Их глаза встретились, и никто из них не смог отвести взгляд.
– Какие там хлопоты? – возразил Джон. Он посмотрел на ее изящную загорелую руку, все еще покоившуюся на его руке. – Я вижу, ты все еще солнцепоклонница…
Адди покраснела, вспомнив о счастливых днях, которые они проводили вместе с Джоном, – лежали на стогах сена, на уединенных холмах, а на их молодые, бронзовые от загара обнаженные тела струились жаркие лучи солнца.
– Последние семь лет я провела на свежем воздухе, – пробормотала Адди. – Мы жили в глуши, далеко отсюда.
– Слышал-слышал. Звучит интригующе. Расскажи о своей жизни.
– Джон, да как ты можешь?.. – Элизабет была вне себя. – Как ты можешь находиться в одной комнате с этой…
– Хватит, мама! – отрезал Джон. – Аделаида – моя гостья. Пусть принесут чай… – Он развернул свою коляску – Пожалуйста, зайди в мою гостиную, Адди.
Она почему-то пыталась вспомнить начало старого детского стишка, оканчивавшегося словами: «…муху пригласил паук». Джон подъехал к камину и развернулся к дивану.
– Садись, Адди, и расскажи мне все о себе.
Она села, сдвинув колени, нервно комкая в руке носовой платок.
– Рассказывать особенно нечего.
– Как это нечего? Слухи о твоих злополучных подвигах ходят по всей колонии. Говорят, вы с Мак-Дугалом покорили высочайшие вершины Голубых гор задолго до Грега Блэксленда и его ребят.
– Я думаю, что слово «злополучные» вполне уместно, Джон.
Он сардонически улыбнулся; его белые зубы сверкнули. Джон по-прежнему был поразительно красив.
– Уверяю тебя, в моих словах не было никакого злого умысла. – Он придвинул кресло поближе к дивану и погладил руку Адди. – Ради Бога, расслабься, успокойся. Ты заставляешь меня нервничать. Почему-то ведешь себя, как на похоронах. Поверь мне, я не покойник.
– Извини, Джон. Мне не так-то легко было приехать к тебе сегодня.
Откинувшись на спинку каталки, он пытливо смотрел на нее своими сверкающими темными глазами.
– Зачем ты приехала, Адди?
– Вероятно… – Она и сама не знала, зачем… – Вероятно, чтобы сказать тебе, как я сожалею о случившемся. И не только я, но и Крег. Ты очень пострадал физически, Джон, но и у нас остались незаживающие раны. Они все еще продолжают ныть.
– Да. Охотно тебе верю. И жить в глуши, в Неведомой стране, очевидно, не слишком приятно.
Адди промолчала, не желая разубеждать его в том, что их жизнь в Земном Раю – своего рода кара Божья. А ведь на самом деле это была счастливейшая пора в ее жизни.
– Но как я понимаю, у вас были и свои радости, – продолжал Джон. – У вас с Крегом двое замечательных детишек.
Адди передернуло от этих слов. Говорить о Джейсоне и Джуно с Джоном Блэндингсом было для нее крайне неприятно, создавалось впечатление, что именно дети являлись причиной всех несчастий Джона.

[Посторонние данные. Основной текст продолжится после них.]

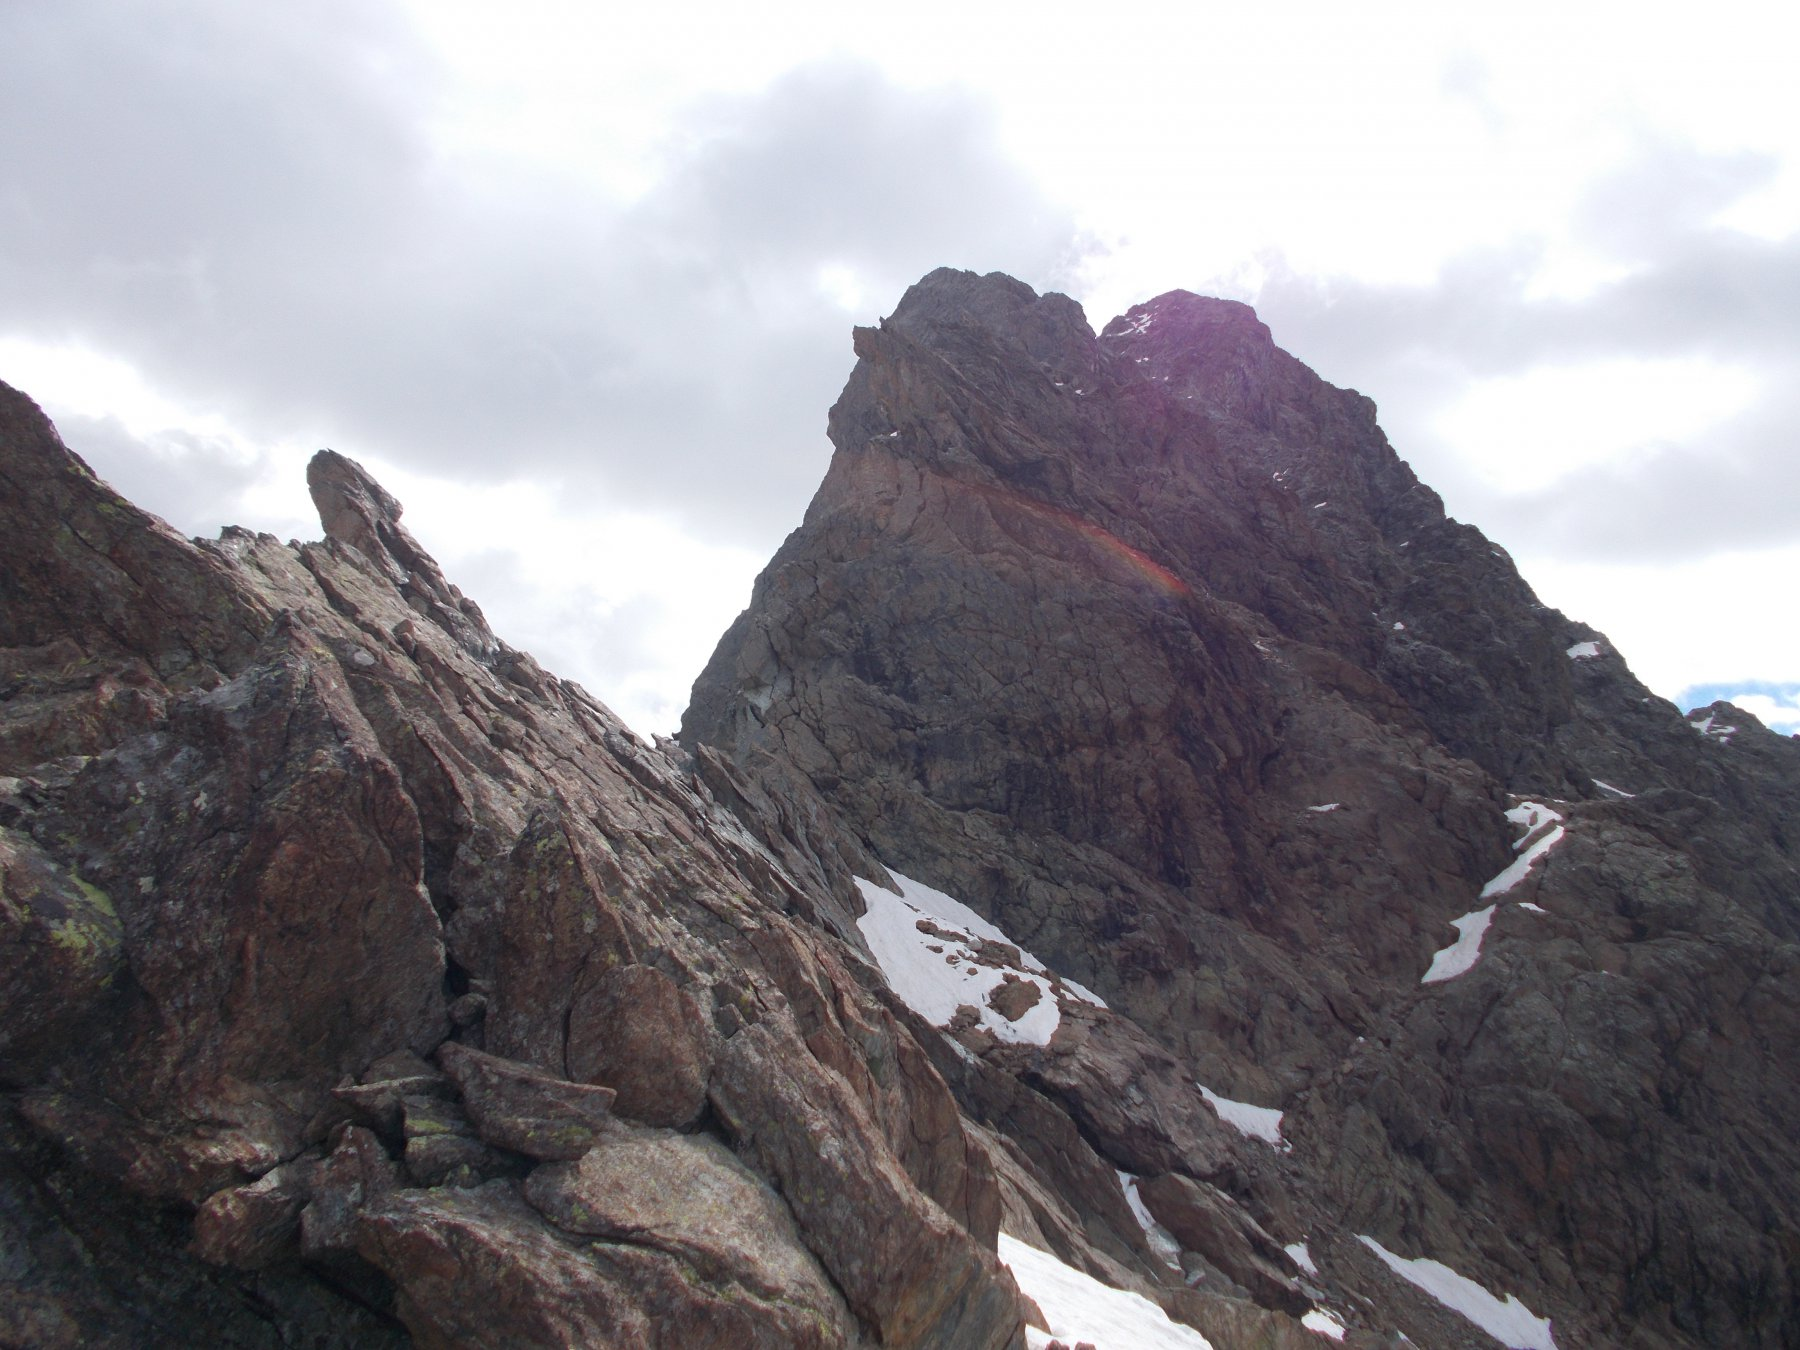 dal colletto q.2700m..tutta la cresta ovest..appena discesa..

– Они для меня большое утешение, – уклончиво сказала Адди. – И радость для моих родителей.
– Да, конечно. Благодаря им твоя мать быстро поправляется. Я очень рад этому, – произнес Джон торжественным тоном. – К сожалению, я теперь редко вижусь с твоими родными. И не потому, что я инвалид. Я регулярно посещаю Сидней. Бываю в музыкальном зале. Хожу в театр. Со времени твоего отъезда столица заметно изменилась к лучшему. У нас есть несколько театральных трупп, очень, кстати, неплохих. И репертуар у них приличный: Шекспир, Марлоу, Вольтер. – Он погладил свежевыбритый, с синевой, подбородок. – Дело в том, что после произошедшего со мной… – тщательно подбирал он слова, – несчастного случая наши родители прекратили общение.
Адди предпочла отмолчаться. В этот момент появилась Бриджет с чашками чая на серебряном подносе, и она с облегчением вздохнула.
Когда служанка удалилась, беседа приобрела вполне светский характер. По молчаливому согласию они избегали тем, которые могли иметь хоть какое-то отношение к тому, что Адди мысленно называла «трагическим треугольником».
– О Боже! – воскликнула Адди, когда старинные часы в углу пробили четыре. – Мне уже пора возвращаться, Джон.
– Нет-нет. – Он схватил ее за руку. – Ты должна остаться и пообедать с нами.
Ее щеки вспыхнули.
– Не могу, Джон. Ты должен считаться с чувствами своей матери по отношению ко мне. Я не хочу оказаться в неловком положении.
– Сперва она, может быть, и будет дуться, но очень скоро оттает, вот увидишь.
Адди высвободила свою руку.
– Нет, я не смогу остаться. Но я рада, что встретилась с тобой, что повидала тебя. – В ее голосе прозвучала искренняя благодарность. – Ты очень благородный и незлопамятный человек, Джон. И я должна извиниться перед тобой за то, что… – Она запнулась.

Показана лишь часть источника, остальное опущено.